A new batch of ten Slinn Pickings

  • Sterility in frogs caused by environmental pharmaceutical progestogens – Frogs appear to be very sensitive to progestogens, a kind of pharmaceutical that is released into the environment. Female tadpoles that swim in water containing a specific progestogen, levonorgestrel, are subject to abnormal ovarian and oviduct development, resulting in adult sterility.
  • Inhaling ‘Red Mud Disaster’ dust may not be as harmful to health as feared – Scientists in Hungary are reporting that the potential health effects of last October’s Red Mud Disaster, one of the worst environmental accidents in Europe, may be less dangerous than previously feared.
  • First identification of endocrine disruptors in algae blooms – Scientists are reporting for the first time that previously unrecognized substances released by algae blooms have the potential to act as endocrine disruptors, which can interfere with the normal activity of reproductive hormones. The effect is not caused by microcystin toxins, long recognized as potentially harmful to humans and aquatic animals, but as yet unidentified substances. As a result, the scientists are calling for a revision of environmental monitoring programs to watch for these new substances.
  • Discovery of blood proteins that are red flags for ectopic pregnancy – A long, urgent search for proteins in the blood of pregnant women that could be used in early diagnosis of ectopic pregnancy has resulted in discovery of biomarkers that seem to be specific enough to begin testing in clinical trials, scientists are reporting in a new study in ACS’s Journal of Proteome Research.
  • Killer paper for next-generation food packaging – Scientists are reporting development and successful lab tests of “killer paper,” a material intended for use as a new food packaging material that helps preserve foods by fighting the bacteria that cause spoilage. The paper, described in ACS’s journal, Langmuir, contains a coating of silver nanoparticles, which are powerful anti-bacterial agents.
  • New material provides 25 percent greater thermoelectric conversion efficiency – Automobiles, military vehicles, even large-scale power generating facilities may someday operate far more efficiently thanks to a new alloy developed at the U.S. Department of Energy’s Ames Laboratory.
  • Pivot Points – Criminal Chemists – Unfortunately, as in any discipline, criminal chemists do exist and are increasingly trawling the scientific literature for inspiration and legal workarounds.

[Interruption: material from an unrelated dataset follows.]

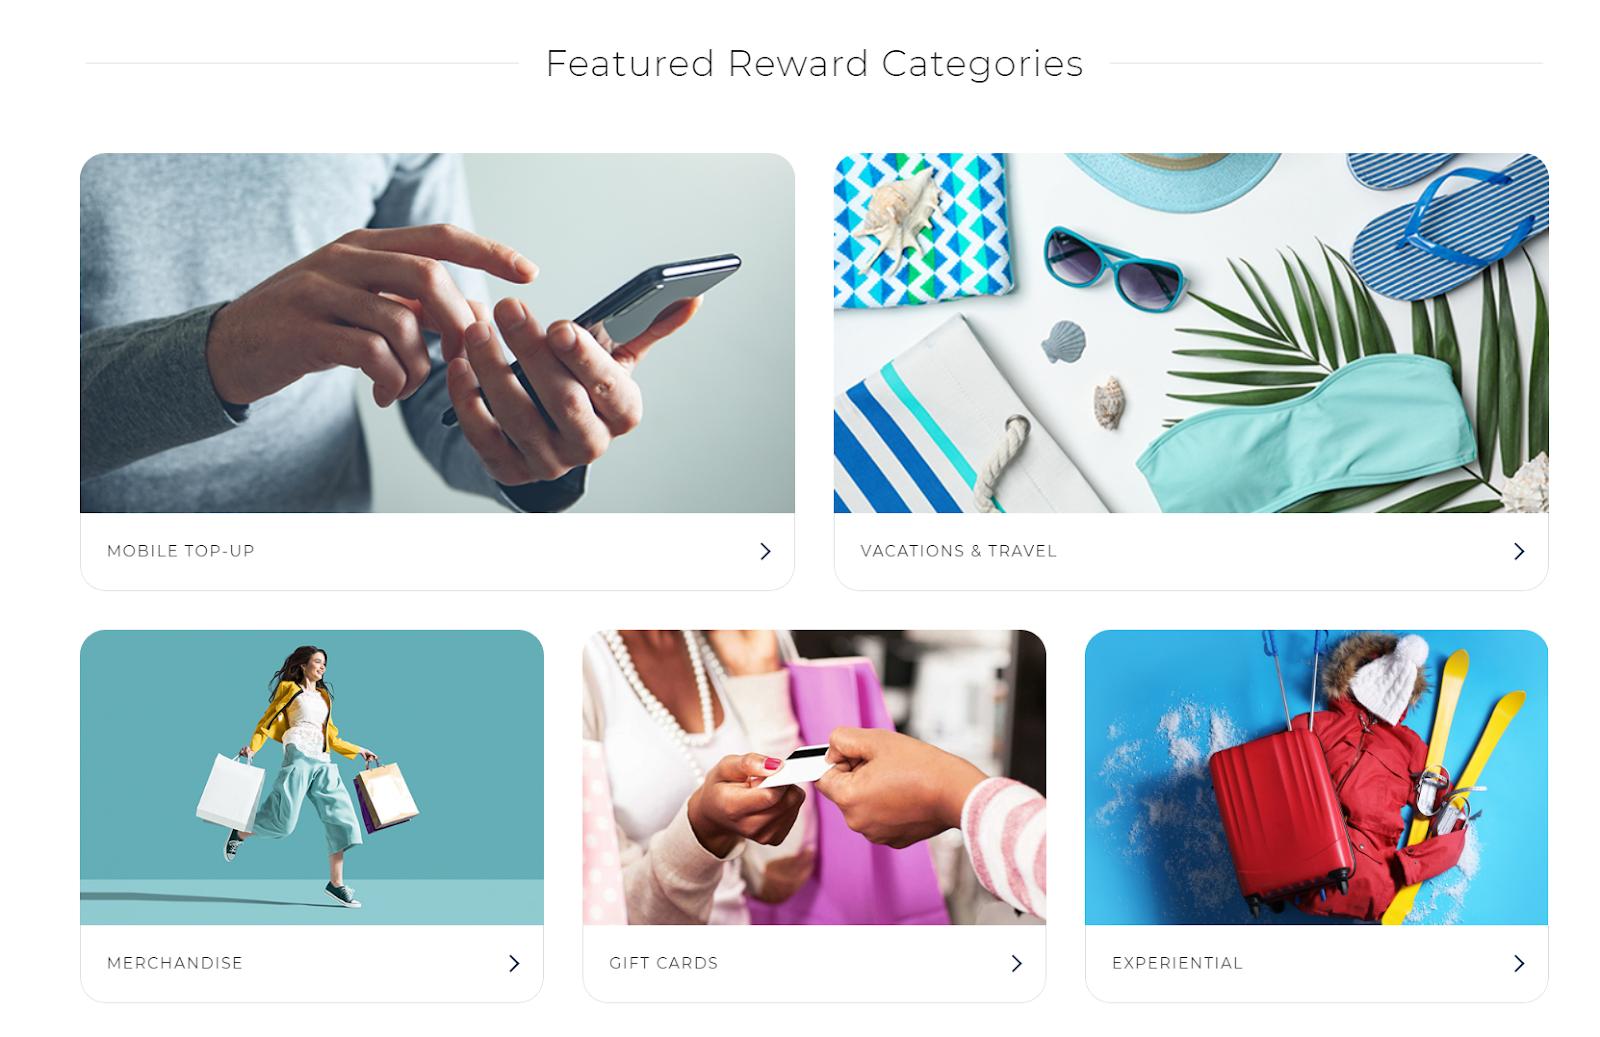 Featured Rewards

  • Monitoring morphological changes during electrodeposition of material with AFM – The copper Damascene electrodeposition is a key fabrication process, currently used in state-of-the-art, multilevel copper metallization of microelectronic interconnects that range from transistor to circuit board length scale. This report effectively demonstrates the ability of the FlexAFM to monitor morphological changes during electrodeposition of material on an electrode surface.
  • Zinc can ease cold symptoms – study – Zinc supplements can reduce the severity and duration of common cold symptoms, a study has found.
  • Remote powered lab on a chip – A team of US scientists has developed the first lab on a chip device to be powered remotely. Wen Qiao at the University of California, San Diego, made a microfluidic chip that can be powered with a commercially available radio frequency transmitter for electrophoresis experiments.

Another high yielding news day from Robert Slinn for Reactive Reports in his regular column: Slinn Pickings.